Segment Start: INPUT RECORDS

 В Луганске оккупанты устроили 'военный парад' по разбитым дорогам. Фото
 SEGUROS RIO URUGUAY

Segment End: INPUT RECORDS
Segment Start: INPUT RECORDS

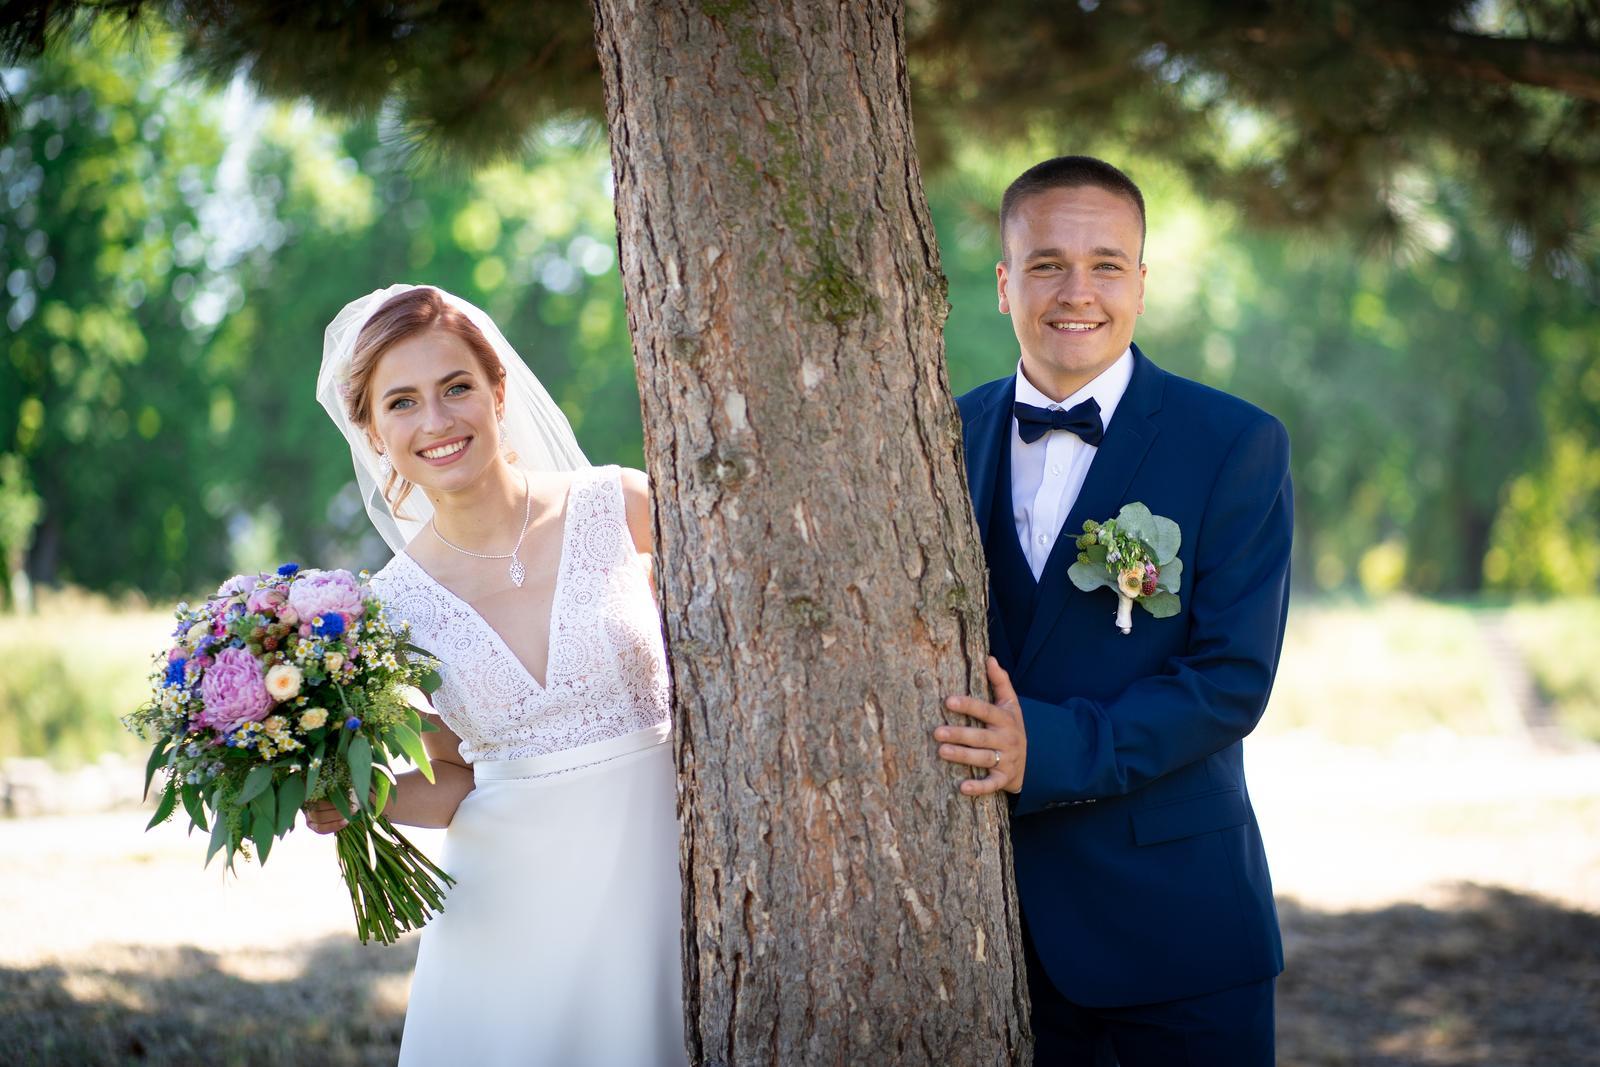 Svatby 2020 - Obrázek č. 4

Segment End: INPUT RECORDS
Segment Start: INPUT RECORDS

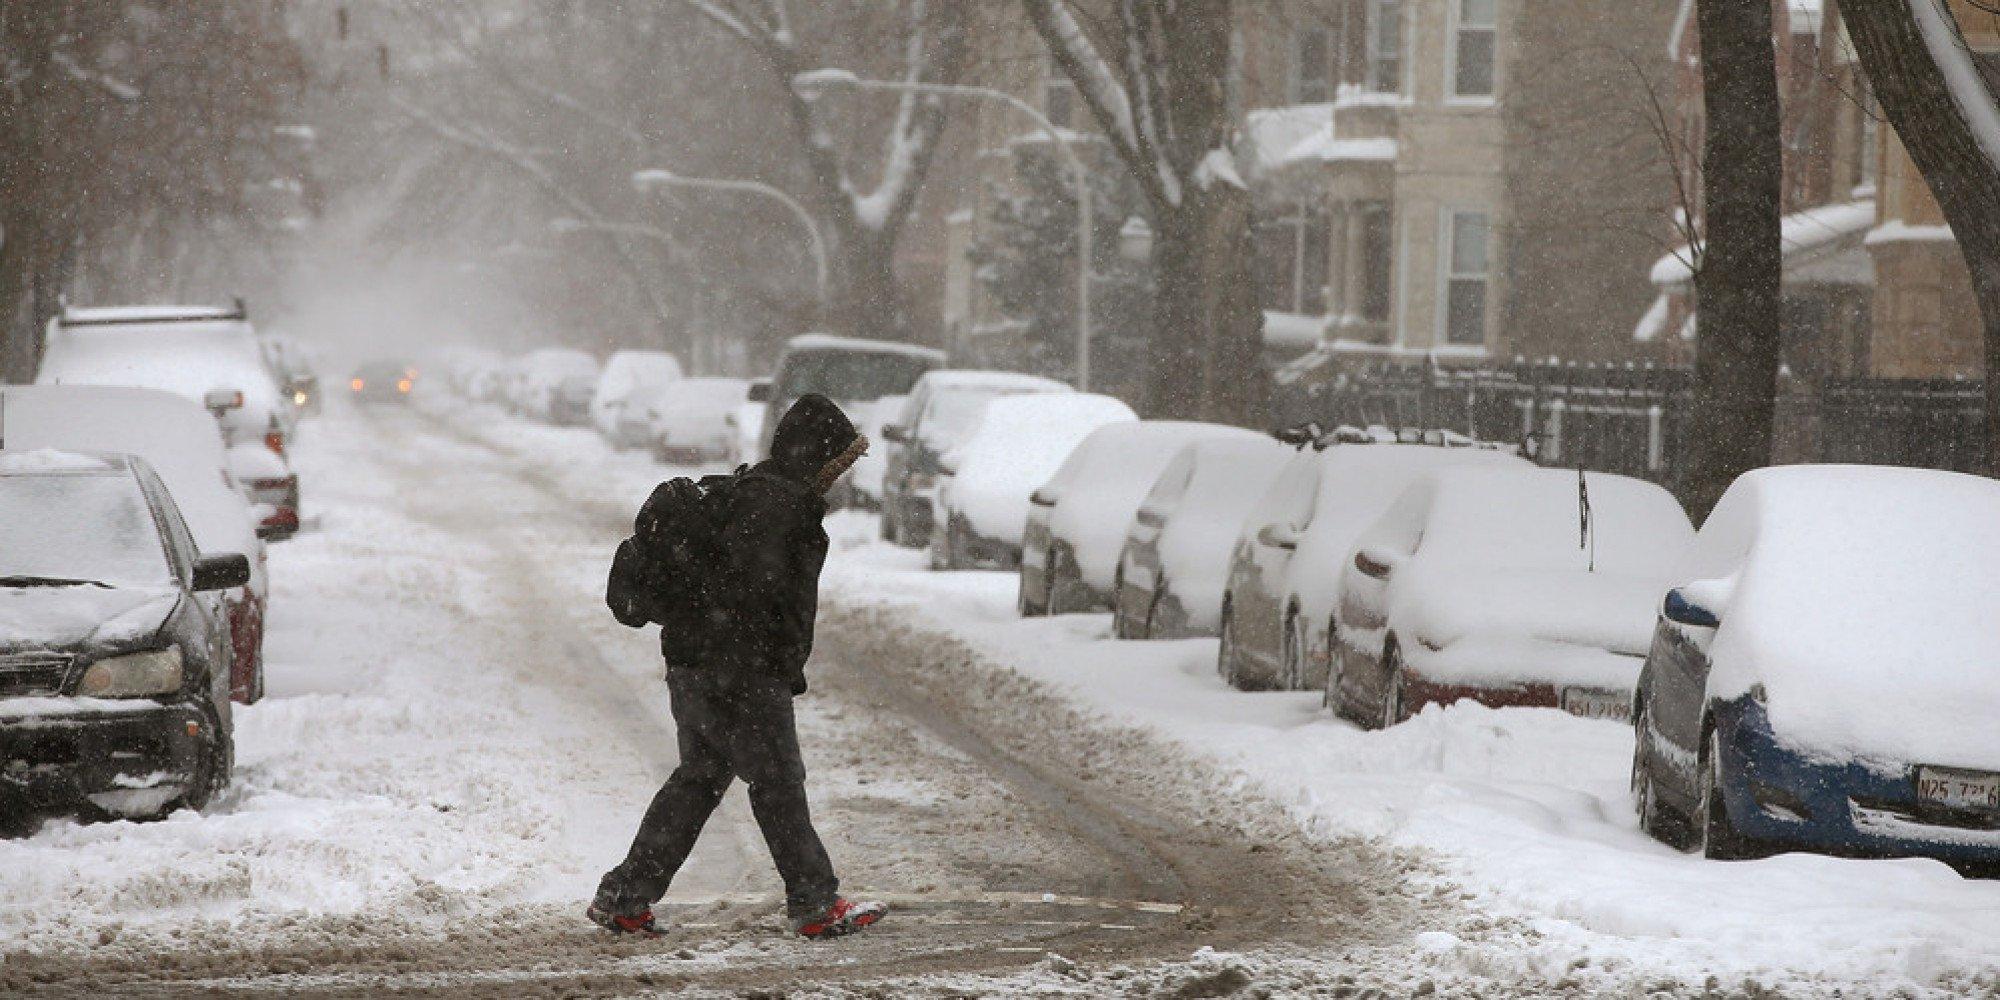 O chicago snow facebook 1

Segment End: INPUT RECORDS

__WHAT IS NEEDED__
Among the lines above, repeat exactly those from the line with "В Луганске оккупанты" to the line with "SEGUROS RIO URUGUAY", counting both ends.

__REPLY TO THE EXERCISE__
 В Луганске оккупанты устроили 'военный парад' по разбитым дорогам. Фото
 SEGUROS RIO URUGUAY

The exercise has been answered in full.